The power of using Git for source control management is most realized when working on a team. Still, I recommend using Git for projects where you are the sole contributor, as it makes future potential collaboration easier - not to mention preserving a thorough and well-organized history of the project with every cloned instance of the repository.

For the purpose of the example, we'll explore here, consider a typical team of 3-8 regular code contributors working in a single Git repository. If you have more than 8 developers on one project, you may want to consider breaking the application into smaller, responsibility-driven repositories.

A common Git workflow in use today is Vincent Driessen's "GitFlow," consisting of a master branch, a develop branch, and some fluctuating number of feature, release, and hotfix branches. When I'm working alone on a personal project, I often commit straight to the master branch. But on a large professional endeavor, GitFlow is used to help the code "flow" into the appropriate places at the appropriate times. You can see how Git branches are related to continuous integration and release management in general.

What Is the Goal of a Staging Pipeline?

Nearly every team I've worked on uses some variation of a staging pipeline, but surprisingly, no one ever really asks this question. It just feels like something we do because, well, it's the way it's supposed to be done.

So what is the goal, anyway? In most cases, a staging pipeline is intended to deploy automatically-built, easily-identifiable, and trustworthy versions of the code that gives non-developers insight into what has been created by the team. Note that I'm not talking about official versions here, just a runnable instance of the code that comes from a particular Git commit.

These non-developers may include technical team members, such as business analysts (BAs), project managers (PMs), or quality analysts (QAs). Or they may include non-technical roles, such as potential customers, executives, or other stakeholders. Each role will have a different set of reasons for wanting this visibility, but it's safe to assume that these people are not developers and do not build the code on their own machines. After all, developers can run different versions of the code locally whenever and however they like.

Let's keep this in mind, noting that while Jenkins can be set up for developers to run parameterized builds using manual triggers, doing so does not achieve the stated goal. Just because you can do something doesn't mean that you should!

Mapping Git Branches to Staging Environments

Now that we understand the purpose of a staging pipeline in general, let's identify the purpose of each environment. While the needs of each team will vary, I encourage you to embrace the KISS Principle and only create as many environments in your pipeline as needed. Here's a typical (and usually sufficient) example:

Dev

The purpose of the dev environment is to provide insight into what is currently on the develop branch, or whatever branch is intended to be in the next "release" of the code.

QA (aka Staging)

The purpose of the QA environment is to provide a more stable and complete version of the code for the purpose of QA testing and perhaps other kinds of approval.

Prod

The purpose of the prod environment is to host production-ready code that is currently on the master branch (or whatever branch you use for this purpose). This represents what can be made available to users, even if the actual production environment is hosted elsewhere. The code in this branch is only what has already been approved in the QA environment with no additional changes.

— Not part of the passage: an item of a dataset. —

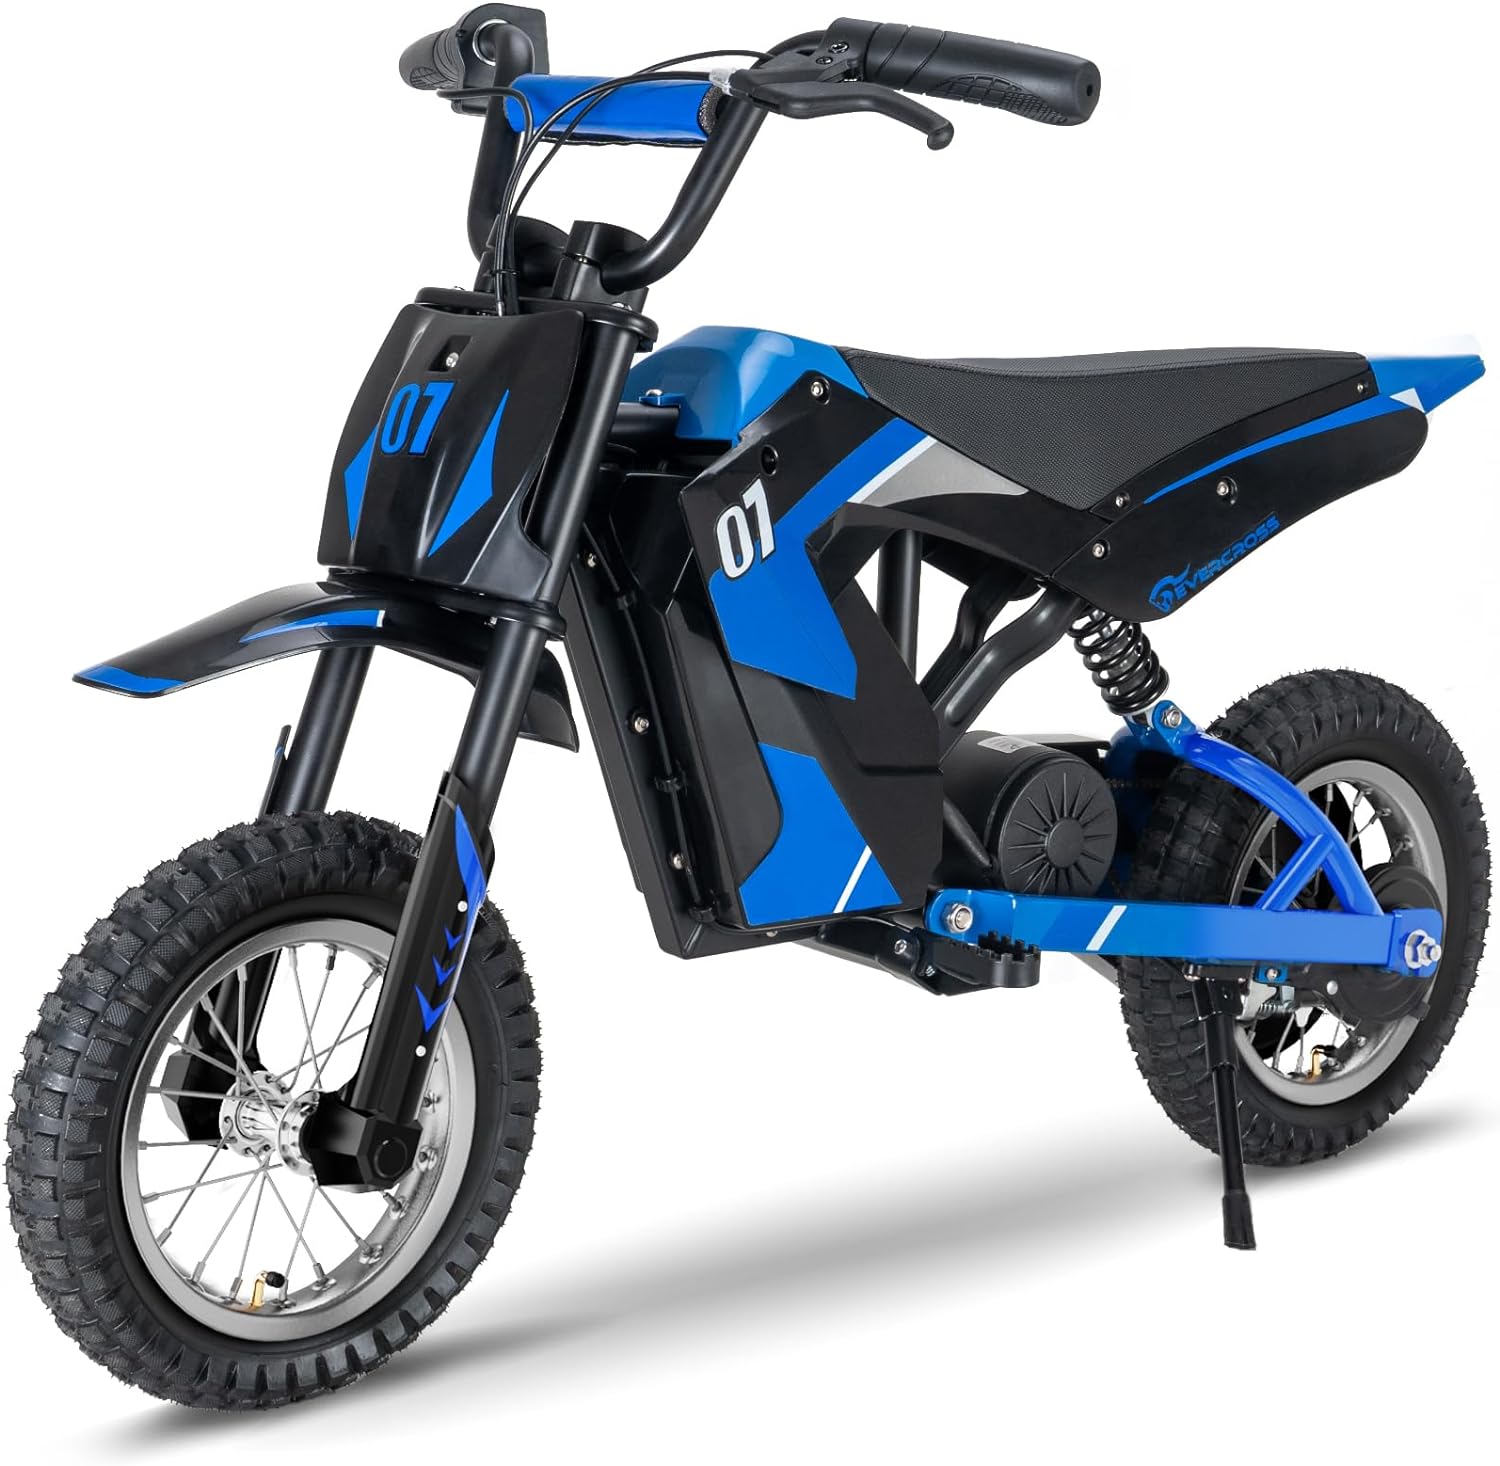 EVERCROSS EV12M Kids Ride On Motorcycle, Electric Motorcycle with 300W Motor, 5/7.5/15.5 MPH Speed Modos, 9.3Miles Long-Range, 12'' Pneumatic Tire, Motor Cross for Ages 3-12 Children

While developers can check out and run code from any branch at any time, these environments represent trustworthy instances of that codebase/repository. That's an important distinction because it eliminates environmental factors such as installed dependencies (i.e. NPM node_modules, or Maven JARs), or environment variables. We've all heard the "it works on my machine" anecdote. For example, when developers encounter potential bugs while working on their own code, they use the dev environment as a sanity check before sounding the alarm:

While the dev and prod environments are clearly linked to a Git branch, you might be wondering about the QA environment, which is less clear. While I personally prefer continuous deployments that release features as soon as they're ready, this isn't always feasible due to business reasons.

The QA environment serves as a way to test and approve features (from develop) in batch, thus protecting the master branch in the same way that code reviews (pull requests) are meant to protect the develop branch. It may also be necessary to use the QA environment to test hotfixes - although we certainly hope this is the exception, not the rule. Either way, someone (likely the quality analyst) prevents half-baked code from making its way into the master branch, which is a very important role!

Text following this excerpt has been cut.